Question

A tire has a gauge pressure of \(300 . \mathrm{kPa}\) at \(15.0^{\circ} \mathrm{C}\). What is the gauge pressure at \(45.0^{\circ} \mathrm{C}\) ? Assume that the change in volume of the tire is negligible.

Short answer

Answer: The gauge pressure at 45.0°C is approximately 330.75 kPa.

Step-by-step solution

Convert temperatures to Kelvin

First, we need to convert the given temperatures from Celsius to Kelvin. To do so, we add 273.15 to the temperatures in Celsius: T1 = 15.0 + 273.15 = 288.15 K T2 = 45.0 + 273.15 = 318.15 K

Rearrange the formula for P2

We rearrange the equation P1/T1 = P2/T2 to find P2: P2 = P1 * (T2/T1)

Substitute the given values and solve for P2

Now, we substitute the given values into the equation and solve for P2: P2 = 300,000 * (318.15 / 288.15) P2 ≈ 330,750 Pa

Convert P2 to kPa

Since the initial pressure was given in kPa, we should convert the final pressure to kPa as well: P2 = 330,750 Pa / 1000 = 330.75 kPa

State the final answer

The gauge pressure of the tire at 45.0°C is approximately 330.75 kPa.

Key concepts

Temperature Conversion

Temperature conversion is an essential concept in science, especially when working with the Ideal Gas Law. In this exercise, you need to convert temperatures from Celsius to Kelvin to use them in calculations. The Kelvin scale is often used in scientific calculations because it starts at absolute zero, making it an absolute temperature measurement.To convert Celsius to Kelvin:

• Add 273.15 to the Celsius temperature.
• For example, a temperature of \(15.0^{\circ} \text{C}\) becomes \(288.15 \text{K}\) after conversion.
• Similarly, \(45.0^{\circ} \text{C}\) converts to \(318.15 \text{K}\).

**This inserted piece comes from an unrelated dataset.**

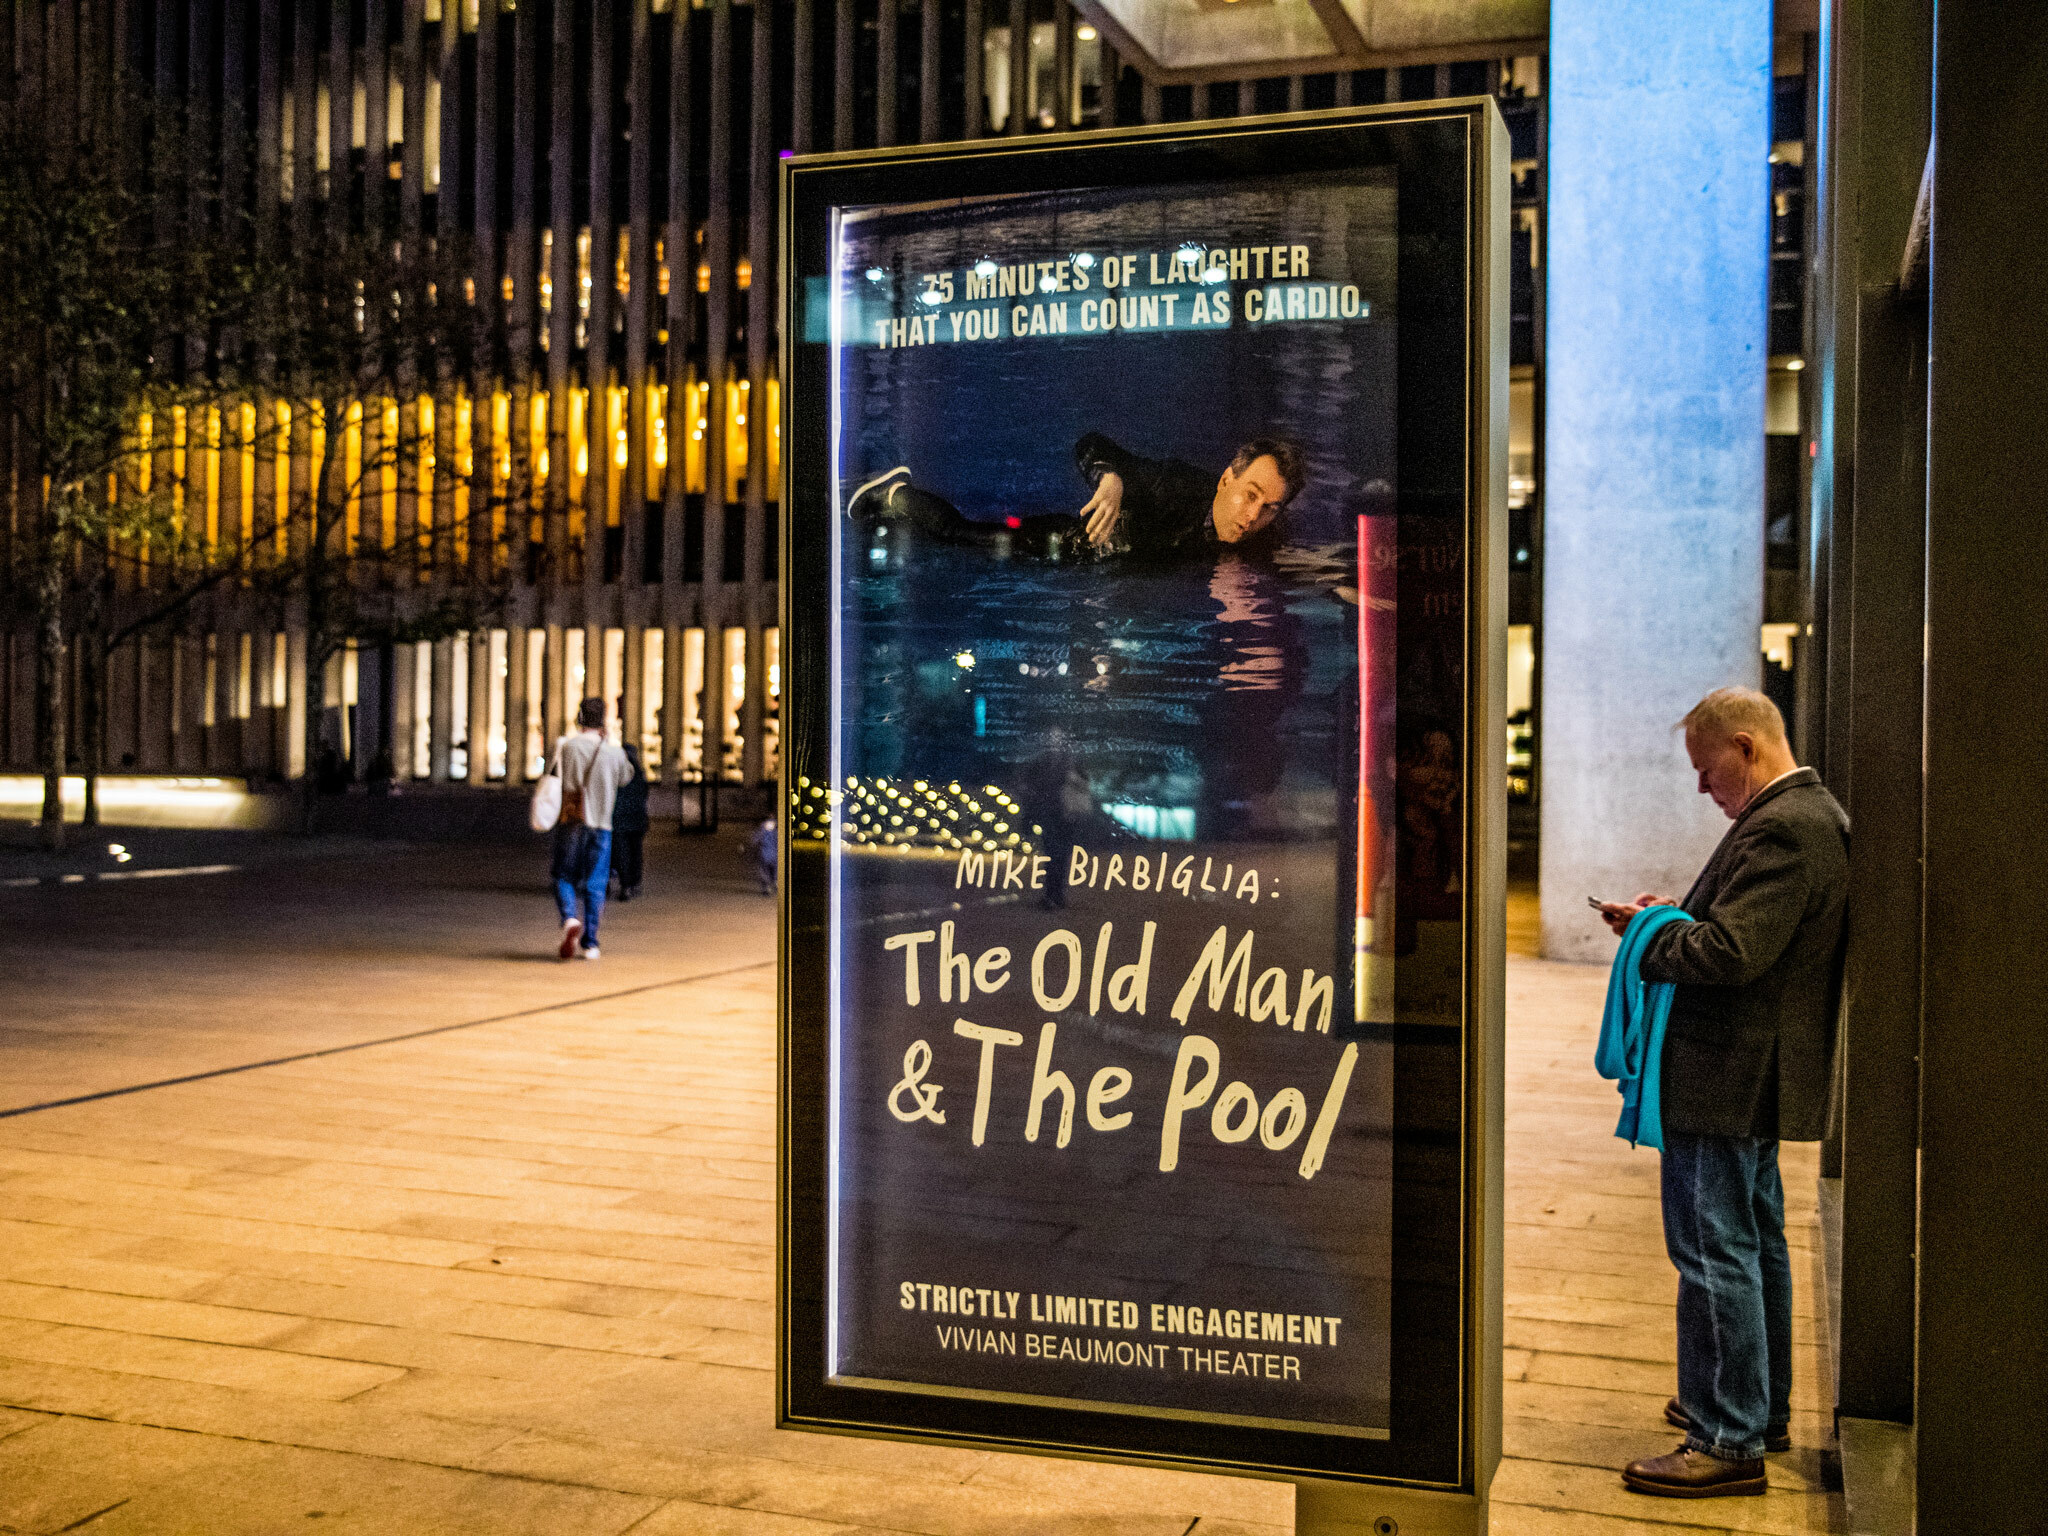 The Old Man and The Pool on Broadway

This straightforward conversion allows you to work efficiently within thermodynamic equations without additional correction factors. Remember, Kelvin does not use the degree sign (°) like Celsius.

Pressure Calculations

Pressure calculations are critical when applying the Ideal Gas Law. In this problem, you needed to find a new gauge pressure after a change in temperature, assuming constant volume.The pressure-temperature relationship for gases can be shown by using:\[ \frac{P_1}{T_1} = \frac{P_2}{T_2} \]where:

• \( P_1 \) and \( T_1 \) are the initial pressure and temperature.
• \( P_2 \) and \( T_2 \) are the final pressure and temperature.

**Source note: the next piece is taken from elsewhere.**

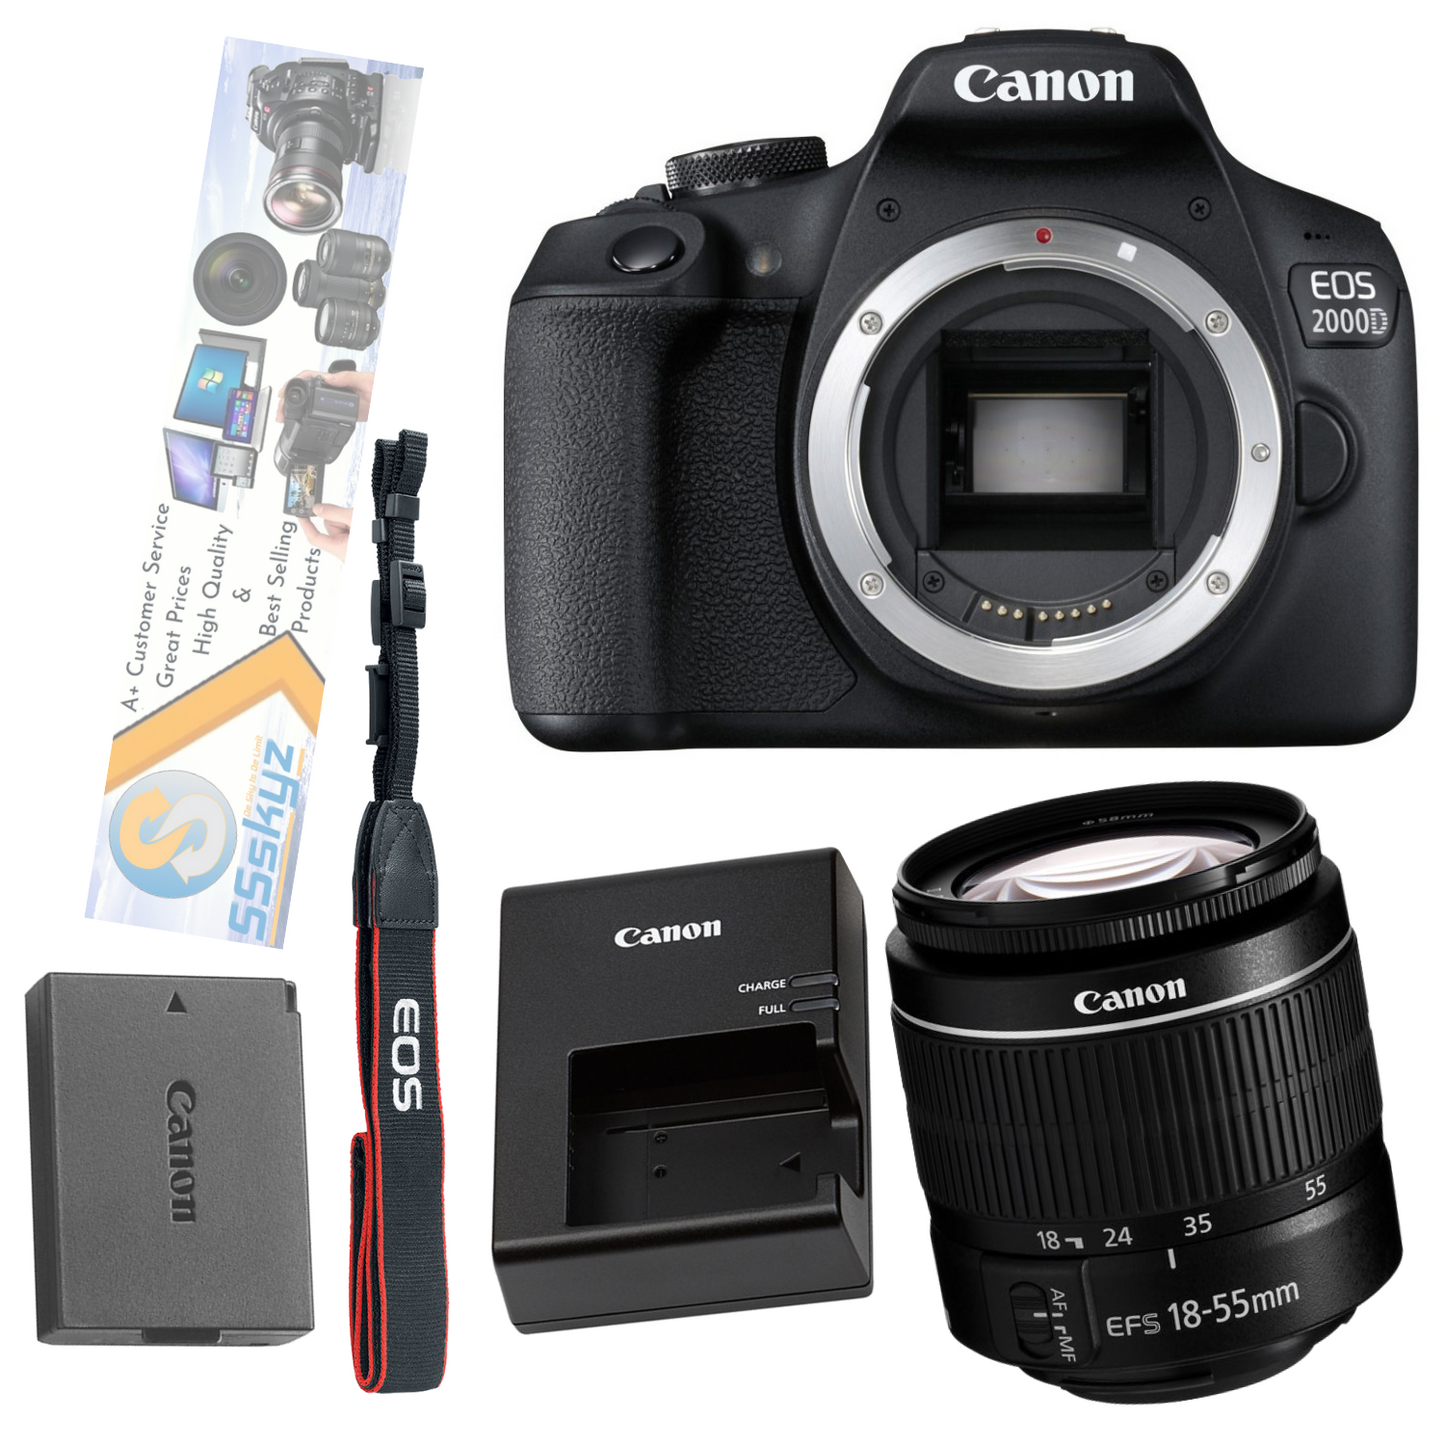 Canon Eos Rebel 2000D / T7 24.1 Mp Digital Slr Camera with 18-55mm DC III Lens

This formula derives from the Ideal Gas Law simplified under constant volume assumptions. Solving for \( P_2 \), you can determine the new pressure using known temperatures and initial pressure. This relationship is linear, making it predictable and reliable in closed systems.

Kelvin Scale

The Kelvin scale is fundamental in scientific calculations related to thermodynamics. Unlike other temperature scales, it starts at absolute zero, which is approximately -273.15°C. Here are some characteristics of the Kelvin scale:

• Absolute zero is the point at which molecular motion theoretically stops.
• There is no negative number in the Kelvin scale, simplifying many physical equations.
• This scale is directly proportional to the average kinetic energy of particles in a substance.

When working with gases and their properties, using the Kelvin scale avoids errors associated with negative temperatures and provides accurate relative temperature measurements. Always ensure to convert Celsius to Kelvin in these scenarios.

Gauge Pressure

Gauge pressure is the pressure relative to the ambient atmospheric pressure. It is widely used in engineering applications where the differences between internal pressure and atmospheric pressure are measured. A few key points about gauge pressure:

• It can be positive or negative, depending on whether the measured pressure is above or below atmospheric pressure.
• In this exercise, the tire's pressure given in kilopascals (kPa) is gauge pressure.
• Gauge pressure readings need to be converted to absolute pressure (by adding atmospheric pressure) when used in thermodynamic equations.

In this scenario, you are directly calculating the change in gauge pressure with temperature changes. Understanding gauge pressure helps ensure accurate assessments in practical applications like tire inflation where only relative pressure difference matters.